**DATASET:**

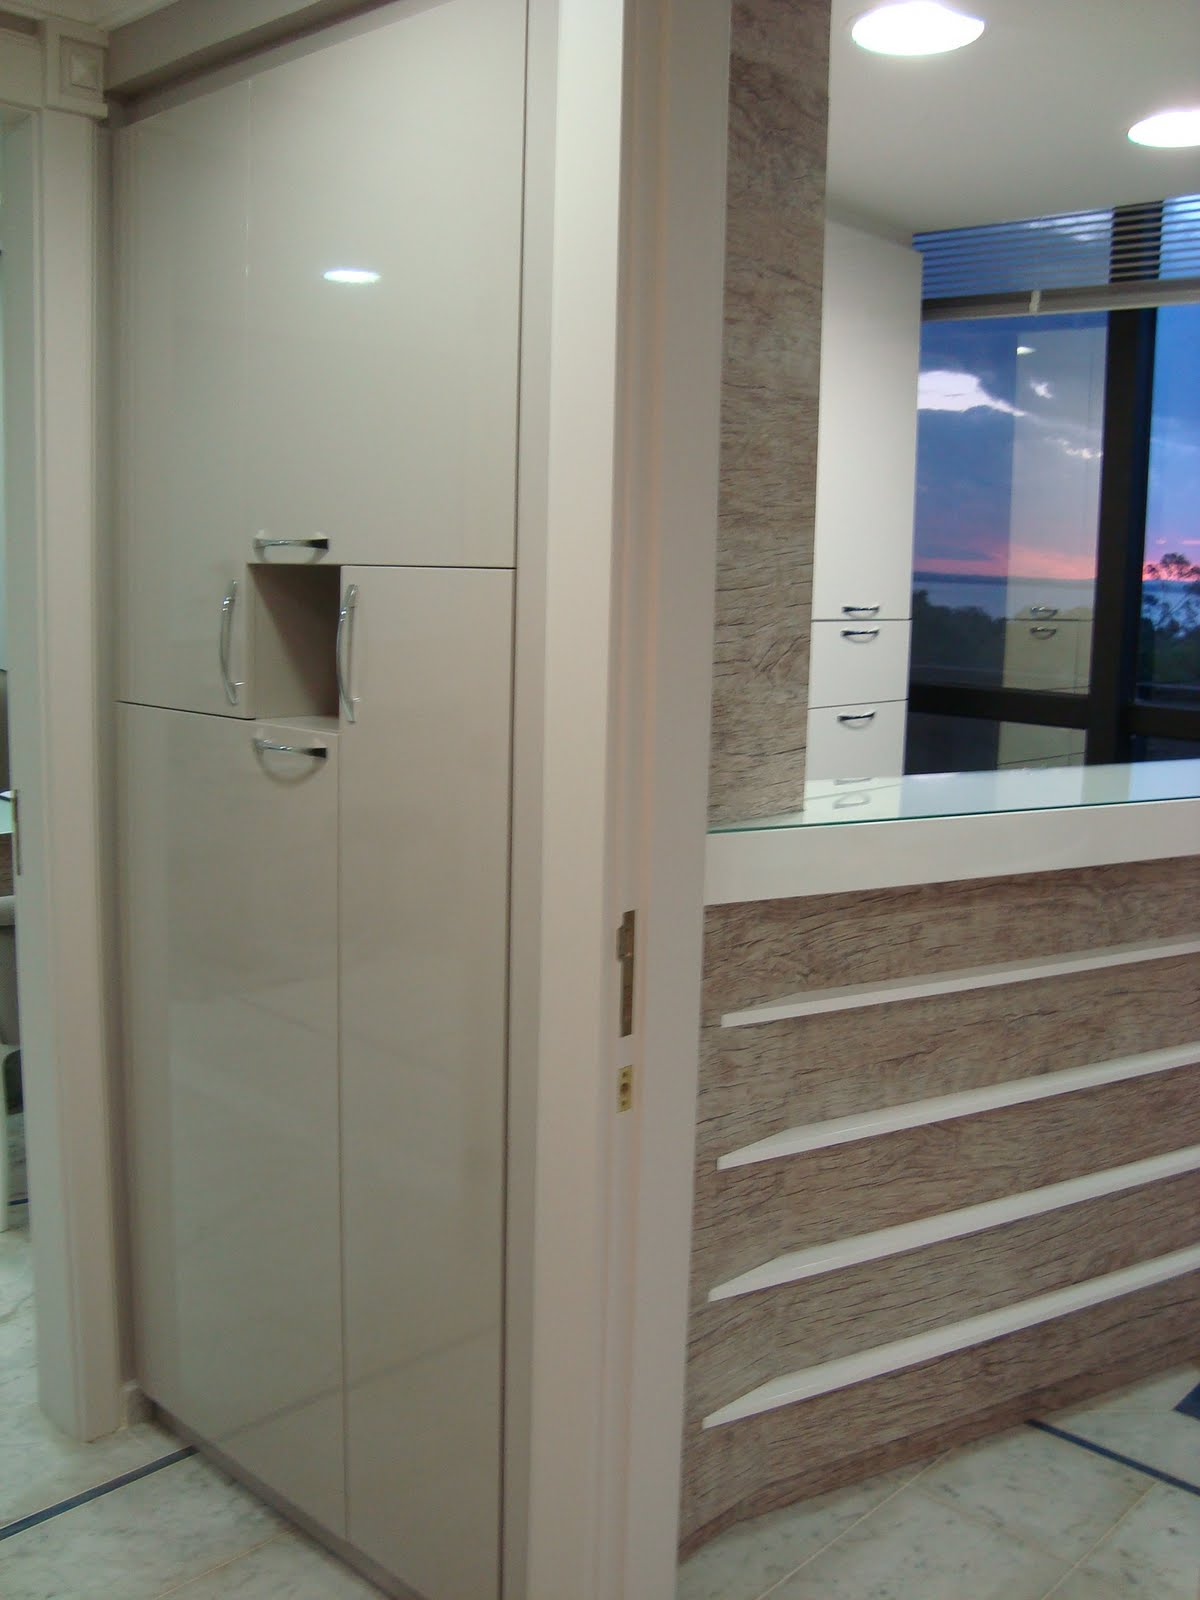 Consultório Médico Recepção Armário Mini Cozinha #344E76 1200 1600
---
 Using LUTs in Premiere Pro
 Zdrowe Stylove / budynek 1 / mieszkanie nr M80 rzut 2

**WHAT YOU HAVE TO DO:** Using the entries above, give back exactly the line containing "Using LUTs in Premiere Pro", the line containing "Zdrowe Stylove /", and every line between them, and nothing else.

**SOLUTION:**
 Using LUTs in Premiere Pro
 Zdrowe Stylove / budynek 1 / mieszkanie nr M80 rzut 2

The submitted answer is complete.